Ninth Circuit Sends Case over California Residency Requirement for Circulators to Mediation

On August 21, the Ninth Circuit issued an order in Libertarian Party of Los Angeles County v Bowen, the case over California’s residency requirement for petition circulators. The law says they cannot work outside of their home district. California and Pennsylvania are the only states that still have residency requirements within a district for petition circulators, and the Pennsylvania requirement has been declared unconstitutional, at least as applied to general election petitions.

California had argued that because it doesn’t enforce the law, the plaintiffs don’t have standing. Plaintiffs had argued that the Secretary of State’s web page misleads people, because it mentions the requirement and does not say that it isn’t enforced.

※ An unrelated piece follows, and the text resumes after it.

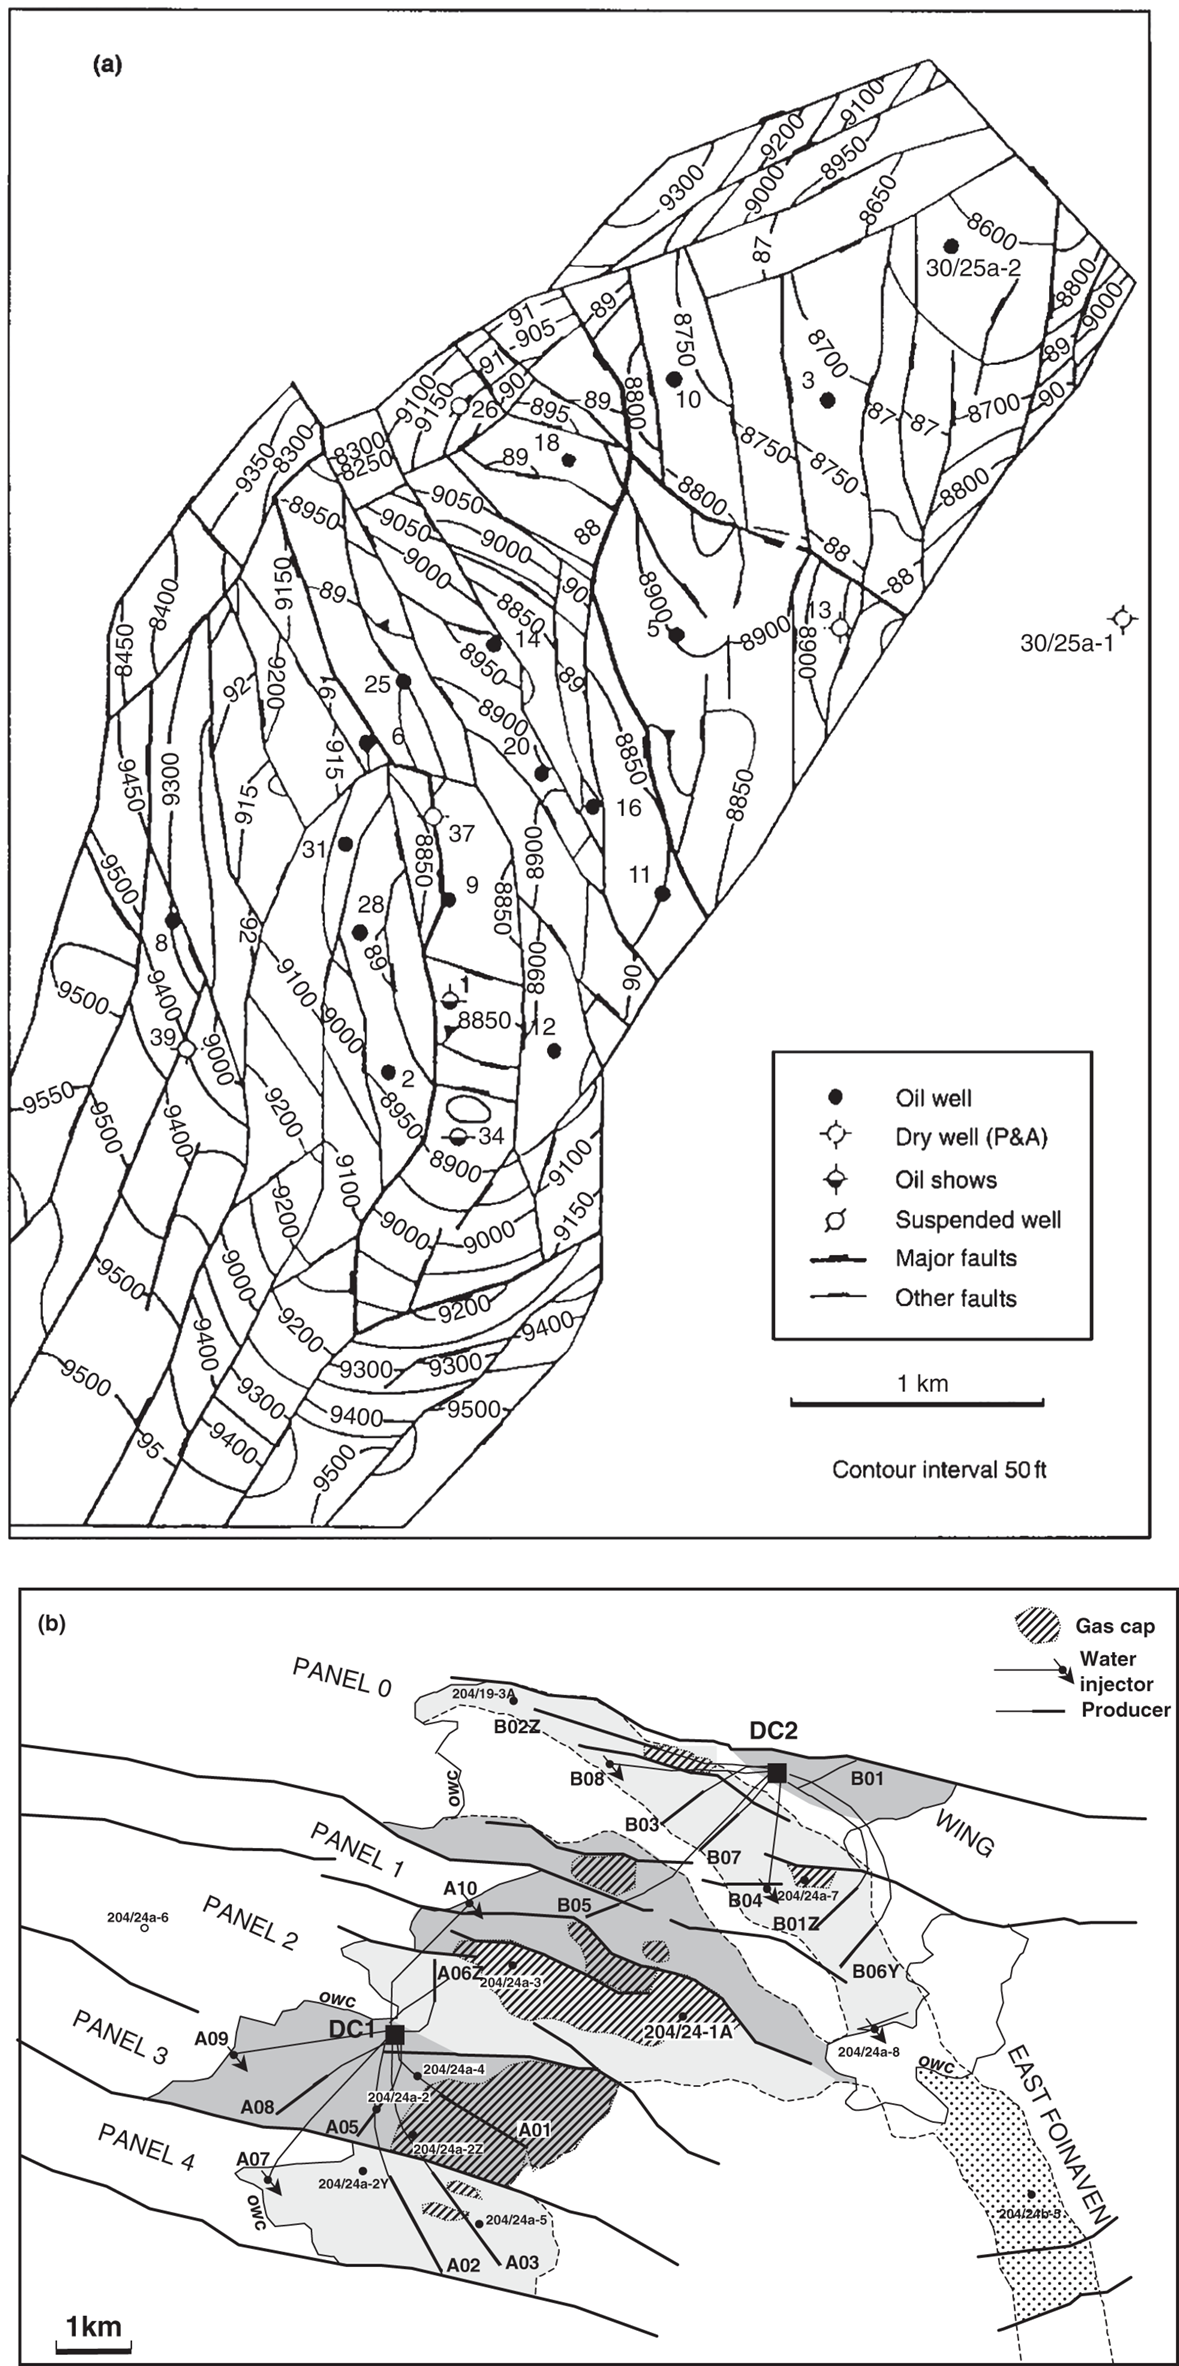 Vertical versus horizontal wells (contrasted development methods for the Argyll and Foinaven fields, UK continental shelf. (a) The Argyll Field was developed with vertical and near-vertical wells from a floating facility during the 1970s and 1980s. (b) The panel map and development well locations for the Foinaven Field, UK continental shelf. The wells are drilled from two centers (DC1 and DC2), individual, high-angle wells targeting specific reservoir, sandstone lobes.

By contrast, the Secretary of State’s web page also mentions the one-year residency requirement for candidates for the legislature, but an asterisk on the web page says that requirement is not enforced.

Presumably, in mediation, the plaintiffs will ask that the Secretary of State’s web page indicate that the residency requirement for circulators is not enforced, and also that the Secretary of State redesign the petition forms so the circulator is no longer forced to sign a declaration that he or she lives in the district.

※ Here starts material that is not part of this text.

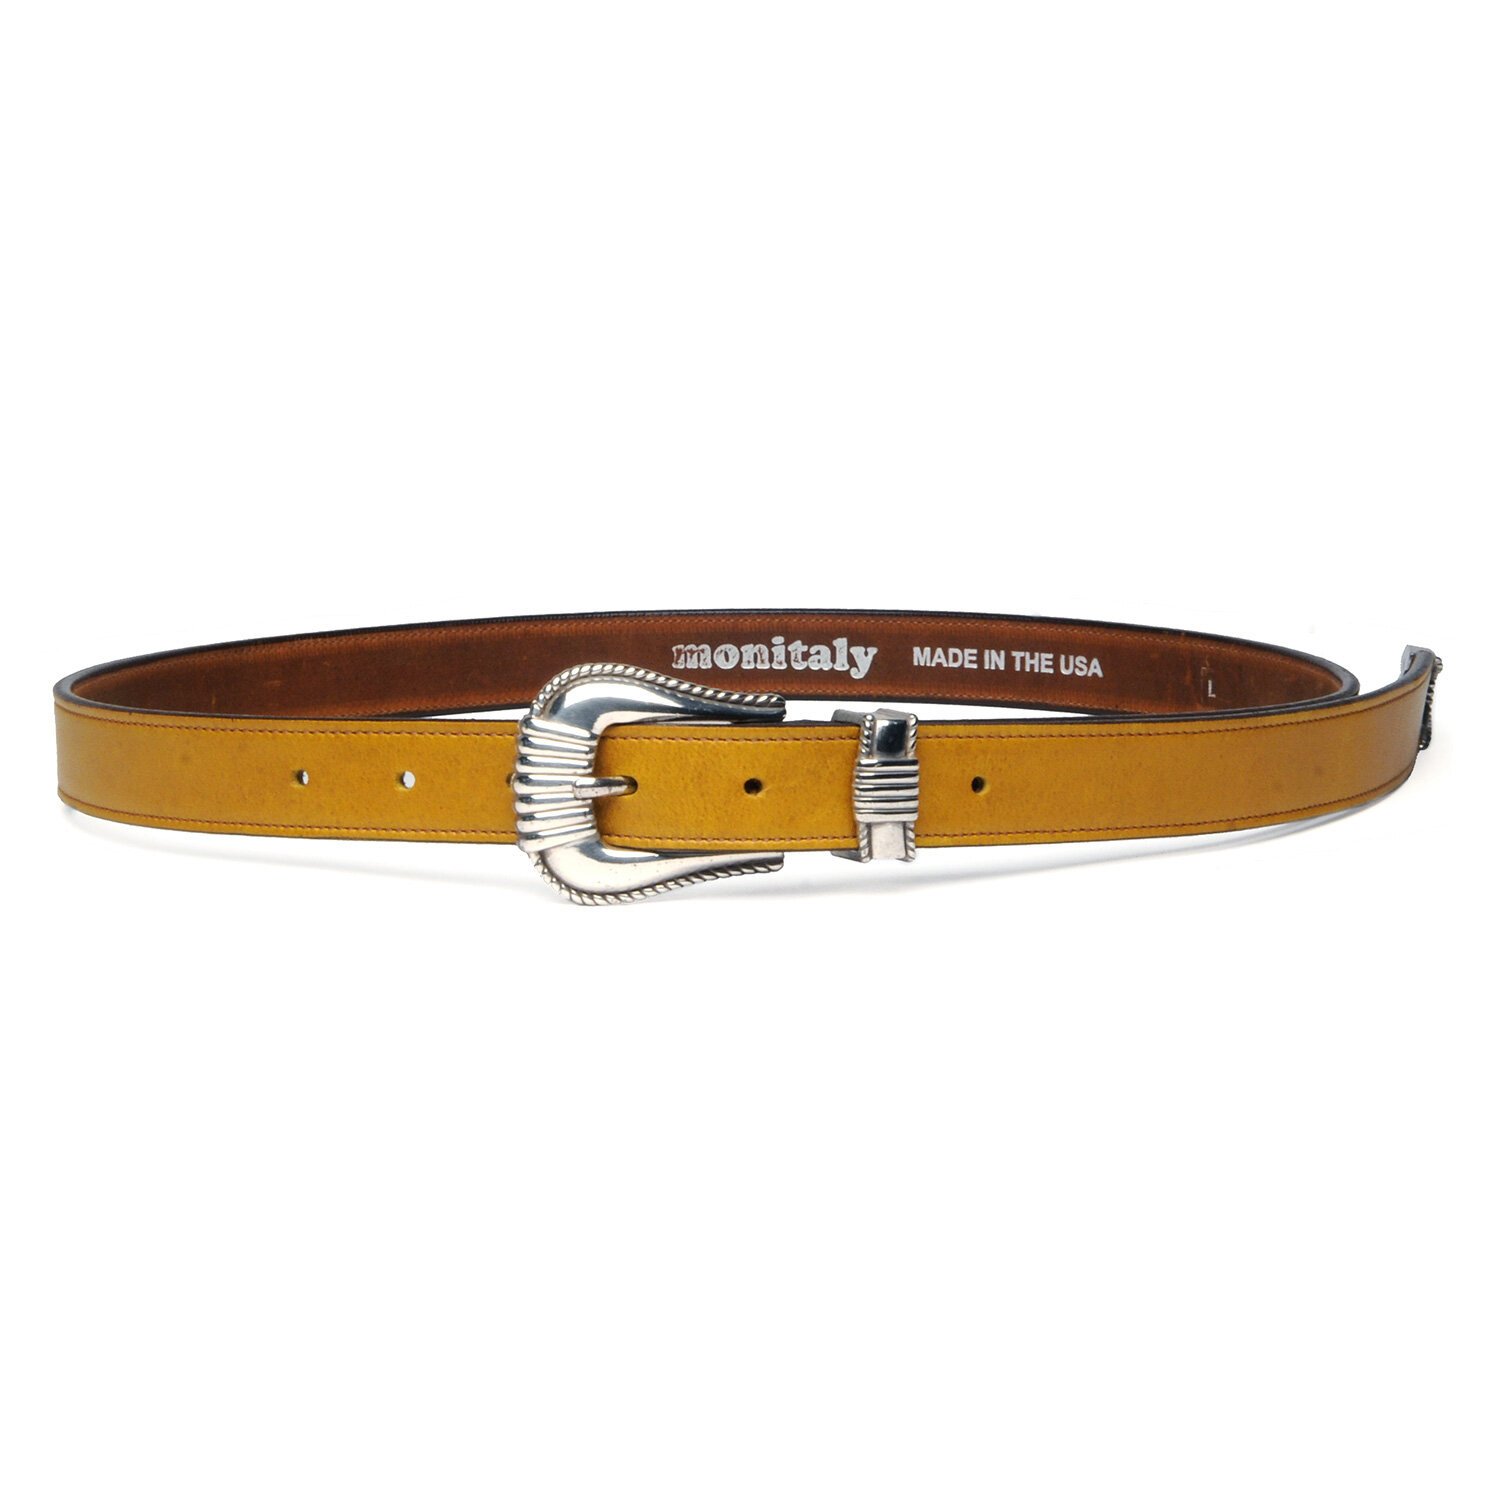 Extended 1" Stitched Belt w/ 3-pc Silver Buckle Set

North Carolina Green Party May Sue North Carolina Over August Deadline for Filing for Write-in Status for President

Thirty-five states, including North Carolina, provide that a presidential candidate who is not on the ballot may file to have his or her write-ins counted. The vast majority of the deadlines for doing that are in October. North Carolina, somewhat irrationally, says the declaration is due in early August. North Carolina also requires 500 valid signatures to file for declared write-in status. The Green Party is somewhat likely to sue to get more time to file for write-in presidential status. North Carolina is in the 4th circuit, and the 4th circuit is protective of write-in candidates. In 1989 it struck down Maryland’s law that required declared write-in candidates to pay a filing fee of $290. That case is Dixon v Maryland State Administrative Board of Election Laws, 878 F.2d 776. Also in 2000, a U.S. District Court in West Virginia followed the Dixon precedent and struck down the West Virginia law that required write-in candidates to pay filing fees.

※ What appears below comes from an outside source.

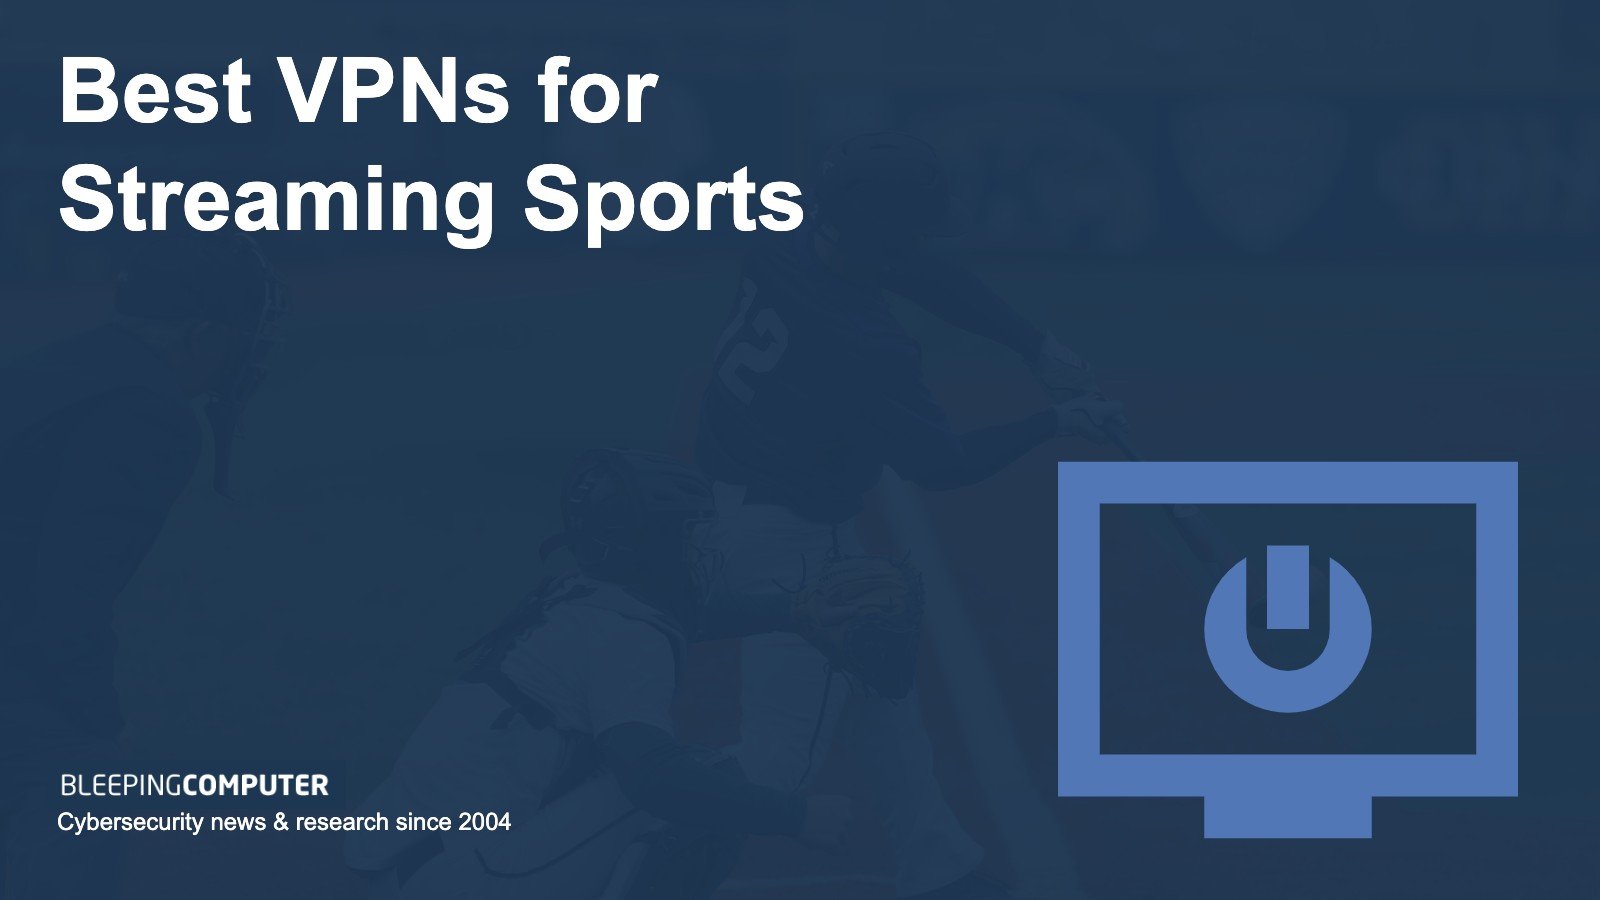 Best VPNs for Streaming Sports

Vermont Supreme Court Will Hear Arguments in Ballot Access Case on September 12

The Vermont Supreme Court will hear Trudell v Markowitz, 2011-311, on Wednesday, September 12. This is the case that challenges the independent candidate petition deadline established by the legislature in 2009. The 2009 change moved the deadline from September to June, a drastic change that change has created many problems in the presidential election of 2012. Only one petitioning candidate for President, Peta Lindsay, met that deadline this year. Vermont is tied for having the nation’s earliest independent presidential deadline.

On a related matter, on August 20, Rocky Anderson submitted his presidential petition to the Vermont Secretary of State. The towns have certified more than 1,000 valid signatures, so he will be on the ballot unless the State Supreme Court issues a stay of the opinion in Anderson v State of Vermont. On August 6, the lower state court in that case had given Anderson and the Justice Party two more weeks to complete the petition.